Robert A. Waidner, 89, philanthropist, president of Standard Fusee Corp.


Robert A. Waidner, former chief executive officer and president of Standard Fusee Corp. and a philanthropist, died Sept. 5 of respiratory failure at Palm Beach Gardens (Fla.) Medical Center. The Riderwood resident was 89.

From 1948 until the early 1990s, when he sold the business, Mr. Waidner headed Standard Fusee, the nation's largest manufacturer of colored flares that are used for signaling purposes by railroaders, mariners and highway authorities.

He also was briefly the owner of the famed McShane Bell Foundry Co. in Baltimore, which he bought in 1947 but sold a year later.

Until recently, Mr. Waidner, through his Waidner Corp. in Towson, managed trusts and other investments, and made bequests to Johns Hopkins Hospital, Greater Baltimore Medical Center, and educational and charitable organizations.

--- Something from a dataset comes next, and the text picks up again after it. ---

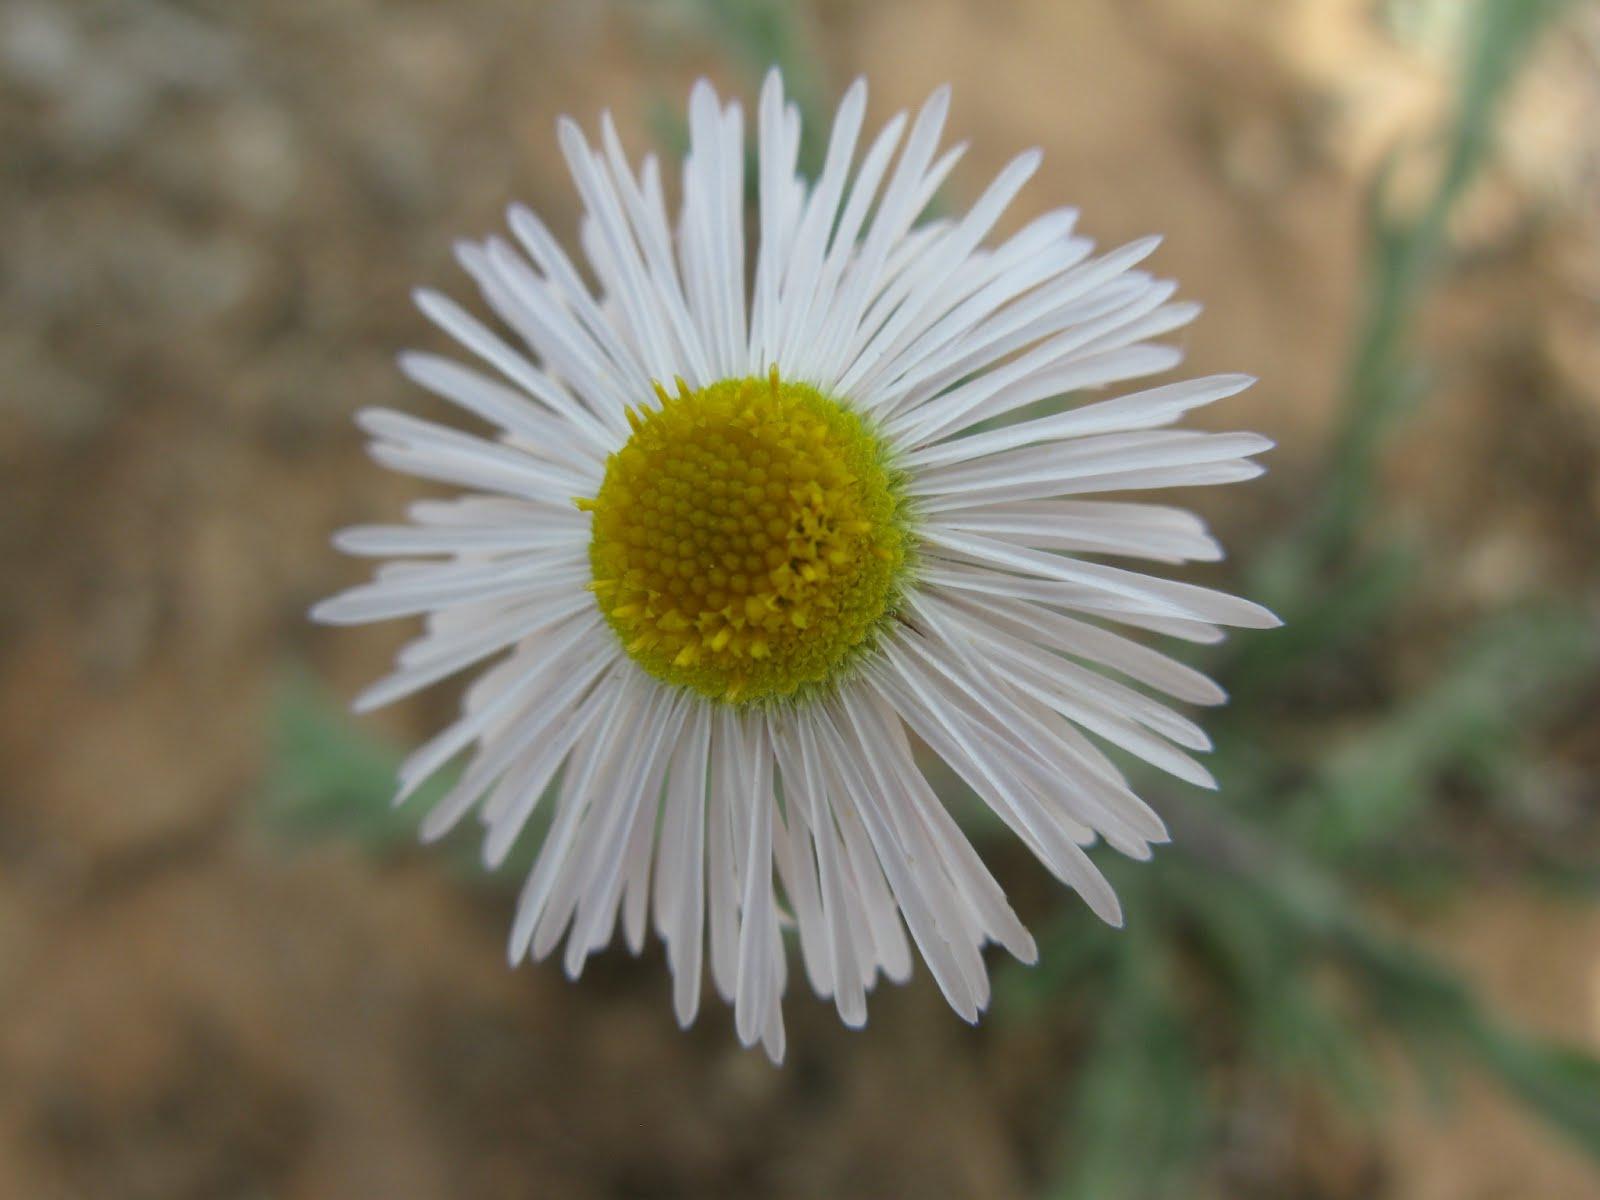 Daisy species (Erigeron tracyi)

Born and raised in Forest Park, Mr. Waidner received his bachelor's degree in 1932 from Dickinson College in Carlisle, Pa., and a law degree from the University of Maryland School of Law in 1936.

He began his business career in the late 1930s with the Savings Bank of Baltimore, before enlisting in the Army Air Forces. An aide to Maj. Gen. Claire Chennault, he served with the 14th and 1st Air Forces in the Pacific theater of operations and attained the rank of colonel.

He was a trustee of Dickinson College for nearly 50 years and a former member of the Bank of Maryland board.

For many years, he was president of the education fund of the Baltimore Annual Conference of the United Methodist Church.

Mr. Waidner maintained homes in North Palm Beach, Fla., and Riderwood. He was a member of the Baltimore Country Club and the Center Club.

In 1941, he was married to the former Wilhelmina Hahn, who died in 1984.

Services were held yesterday.

He is survived by his wife, the former Elizabeth Reed, whom he married in 1985; a stepson, Lane C. Kaley of Fort Collins, Colo.; two stepdaughters, Prudence "Prue" Kaley of Fort Collins and Linda K. Erekelens of San Francisco; and four step-grandchildren.